Biblioteca de Nag Hammadi
O Diálogo do Salvador (III,5)
Este tratado se apresenta como diálogo bastante rápido entre o Senhor e seus discípulos, especialmente Judas, Mateus e Mariam. Esse quadro narrativo bastaria para estabelecer o caráter cristão do escrito, mas a proximidade com a literatura cristã vai mais longe: o texto parece construído sobre uma fonte de ditos do Senhor próxima da fonte “Q” dos Evangelhos ou da coleção subjacente a Evangelho de Tomé1
O texto está muito mal conservado e a leitura da maior parte das páginas é mais conjectural, pois elas estão reduzidas a um décimo de seu conteúdo. O argumento principal das exposições do Salvador gira em torno do momento escatológico da ascensão da alma. Para começar, Jesus tranquiliza os seus sobre a passagem diante dos arcontes, pois ele já abriu o caminho para o Pai (p. 120,1-121,2). A cosmologia ocupa largo espaço nessas exposições. Com efeito, segundo o autor, a reflexão sapiencial sobre o mundo e os sinais que ele dirige ao homem permitem entrever a obra criadora do Logos (p. 127,19-128,23; 129,16-131,18; 132,19-133,24).
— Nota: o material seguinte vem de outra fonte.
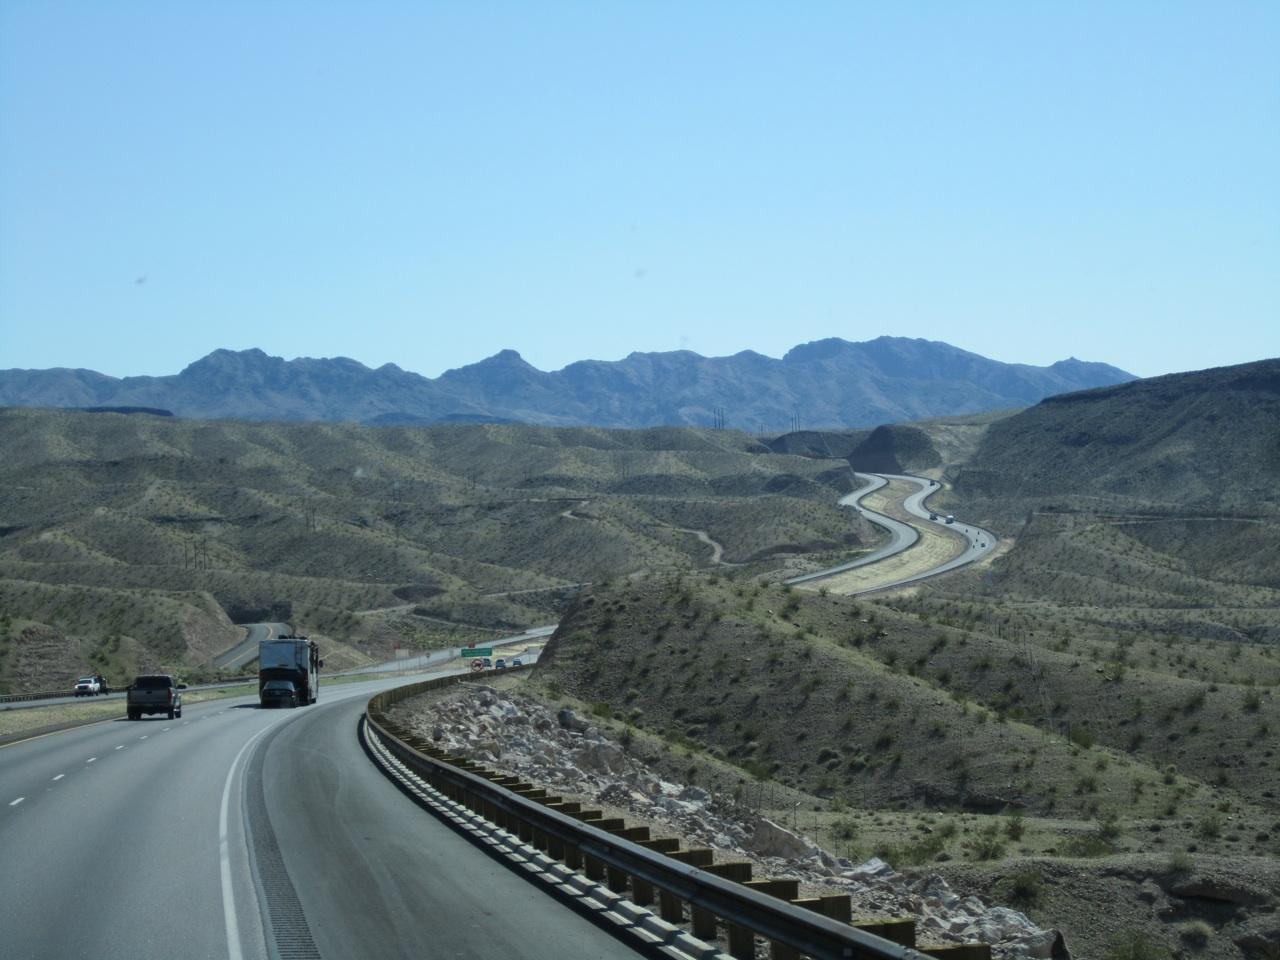 The Road Leaving The Lake Mead Area, Heading To Kingman, AZ

Partindo dessa meditação cosmológica, o texto privilegia a gnose, que dá o repouso, em detrimento do batismo com água, que apenas realizou a passagem da morte à vida.
Quem desconhece as coisas da perfeição não compreende nada. Se alguém não se eleva nas trevas, não poderá ver a luz. Se alguém ignora como nasceu o fogo, se queimará, porque não conhece suas raízes. Se alguém começa desconhecendo a água, não sabe nada, pois para que lhe serve ser batizado? Se alguém desconhece o vento que sopra, sua origem, se dispersará com ele. Se alguém desconhece o corpo que carrega, sua origem, perecerá com ele (…).
E todas as coisas permanecerão ocultas para quem não reconheceu sua raiz. Quem não reconhecer a raiz da maldade não ficará estranho a ela. Quem não reconhecer como veio não pode compreender como irá e não será estranho ao mundo, que (perecerá) e será rebaixado (p. 133,21-134,24).
O fim do tratado, p. 137,3-147,23, desenvolve o tema da vitória da alma sobre os arcontes, quando de sua elevação ao céu.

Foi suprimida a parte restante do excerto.